Work to be completed: All that is wanted is the exact text of the lines below from the one with "Пример написания английского" through the one with "Bruster's Real Ice Cream Tampa Menu - 1", inclusive, minus any pictures.

+++ Data shown +++

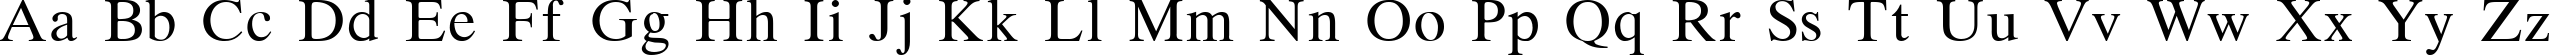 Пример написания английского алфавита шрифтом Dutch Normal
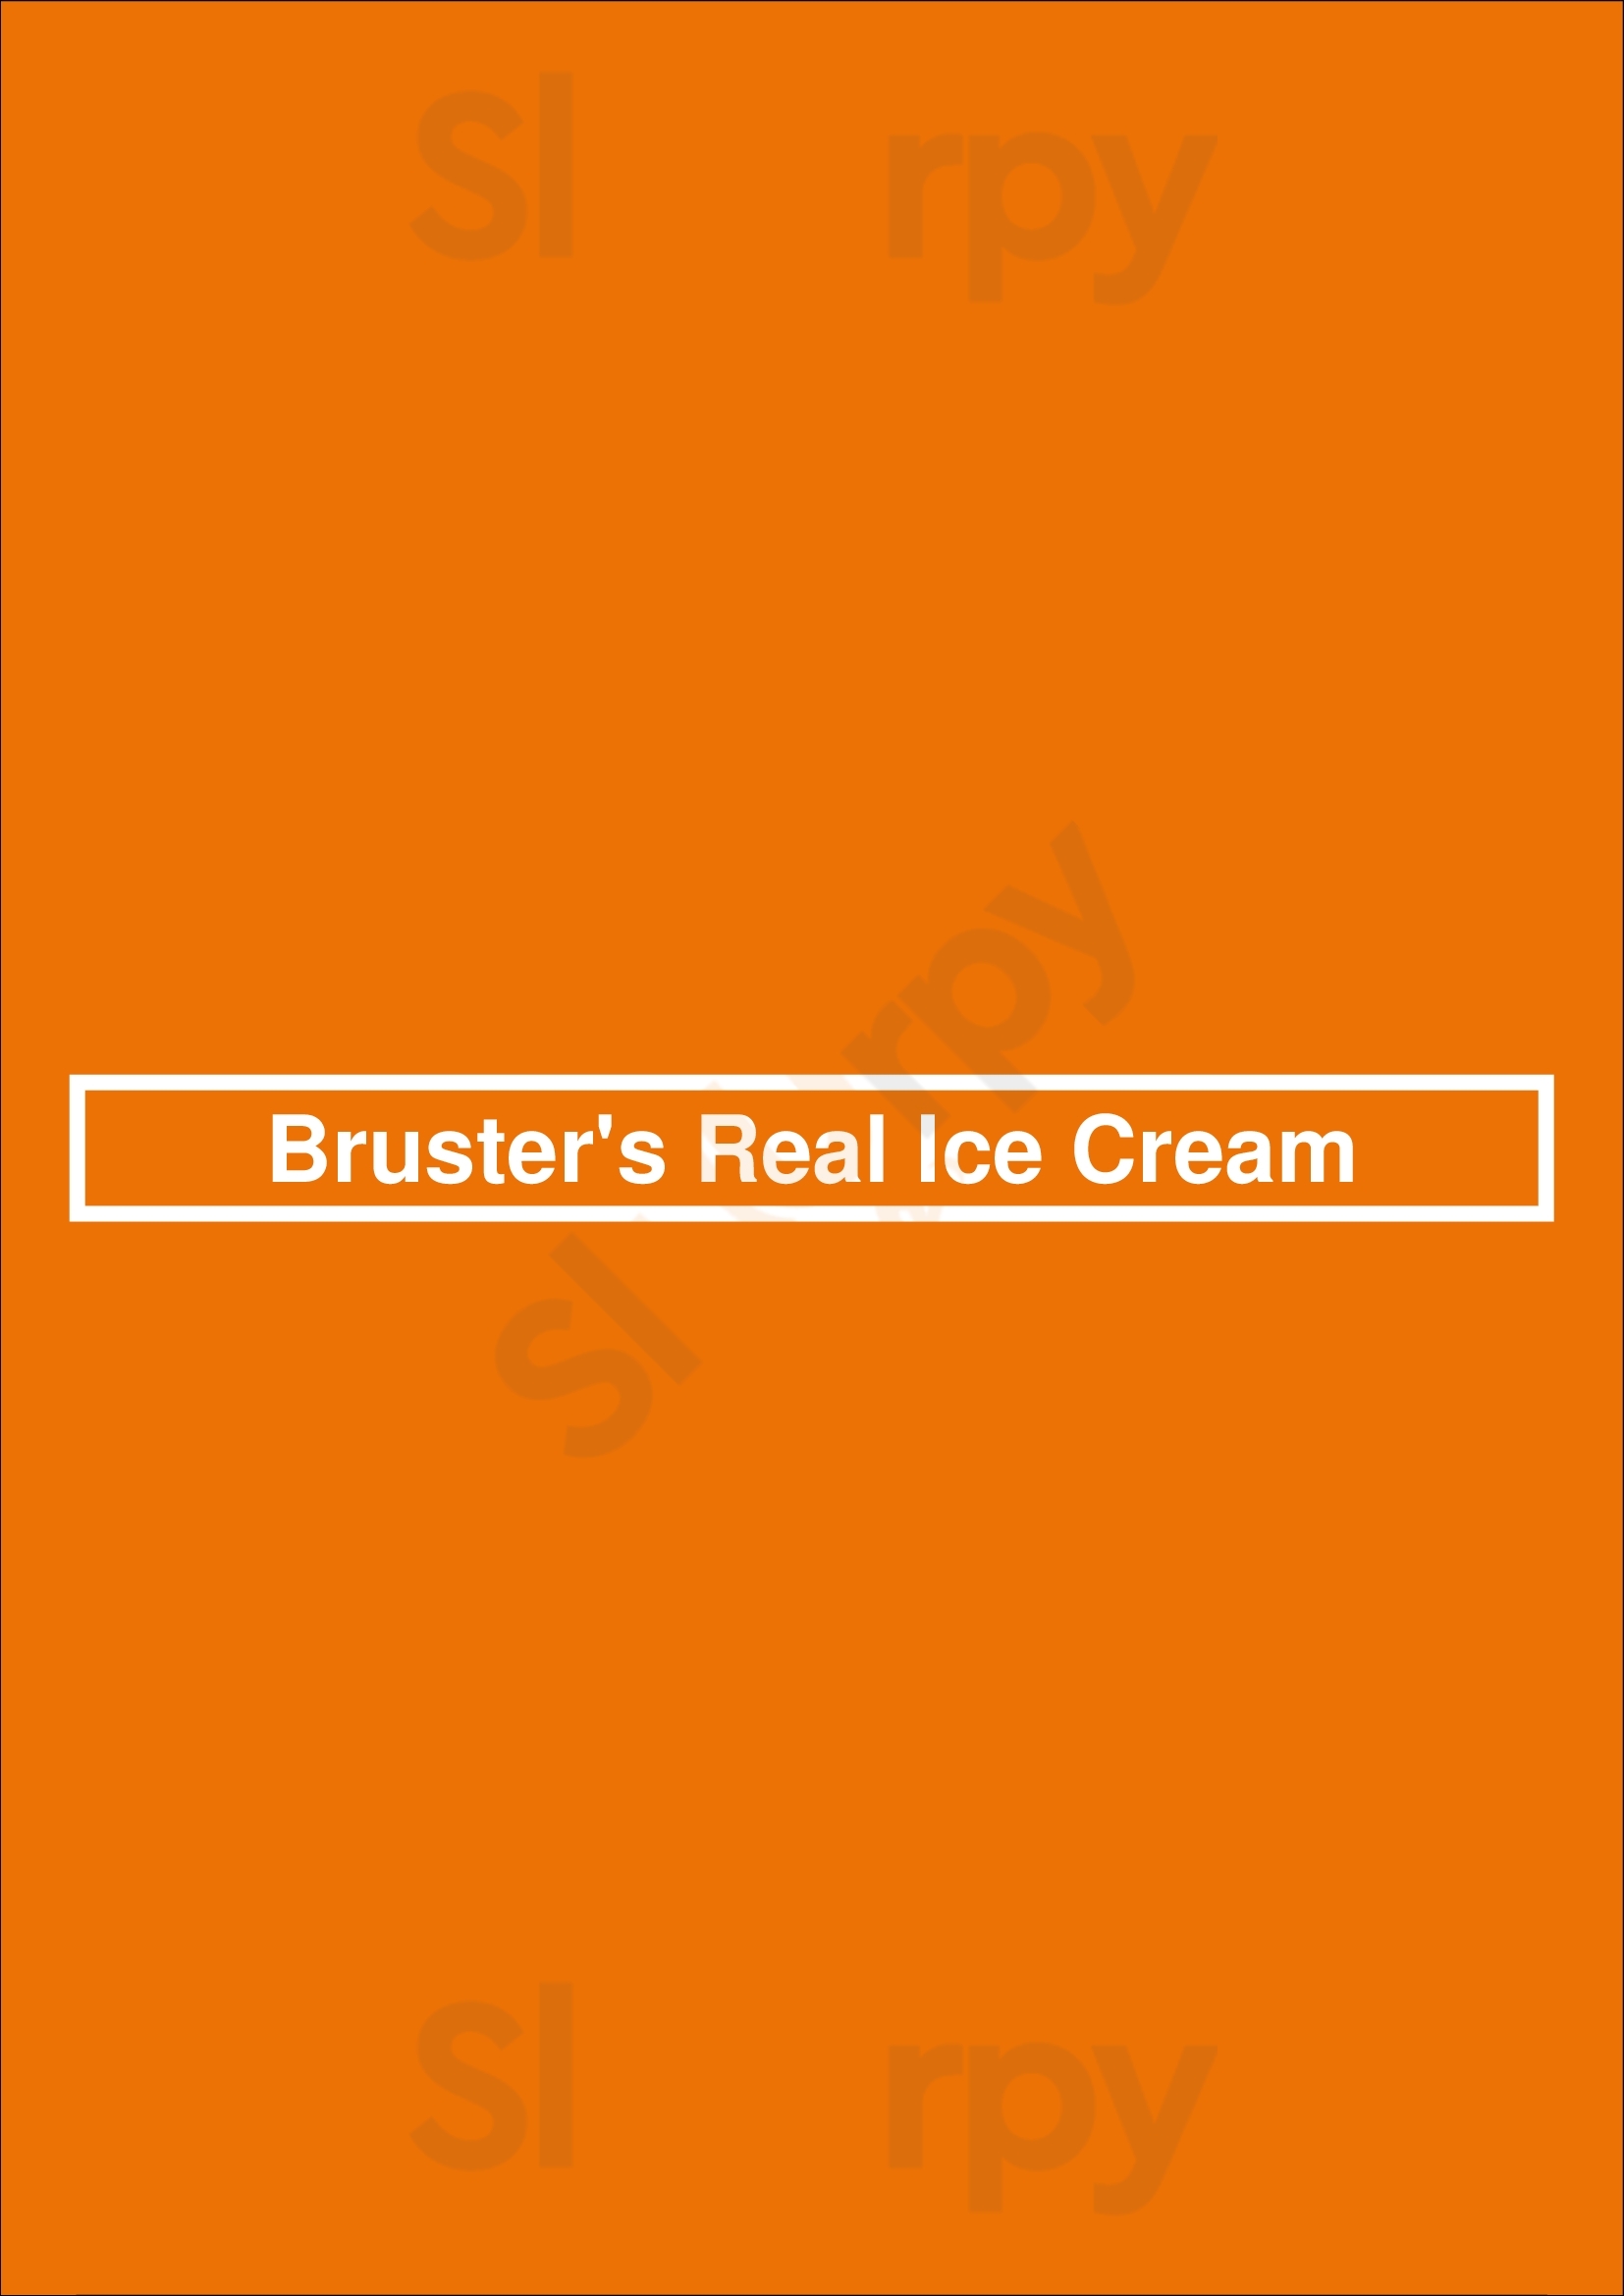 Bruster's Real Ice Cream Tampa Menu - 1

+++
+++ Data shown +++

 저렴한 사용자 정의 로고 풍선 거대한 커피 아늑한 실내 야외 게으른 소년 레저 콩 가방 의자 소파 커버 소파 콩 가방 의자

+++

Response to the task:
 Пример написания английского алфавита шрифтом Dutch Normal
 Bruster's Real Ice Cream Tampa Menu - 1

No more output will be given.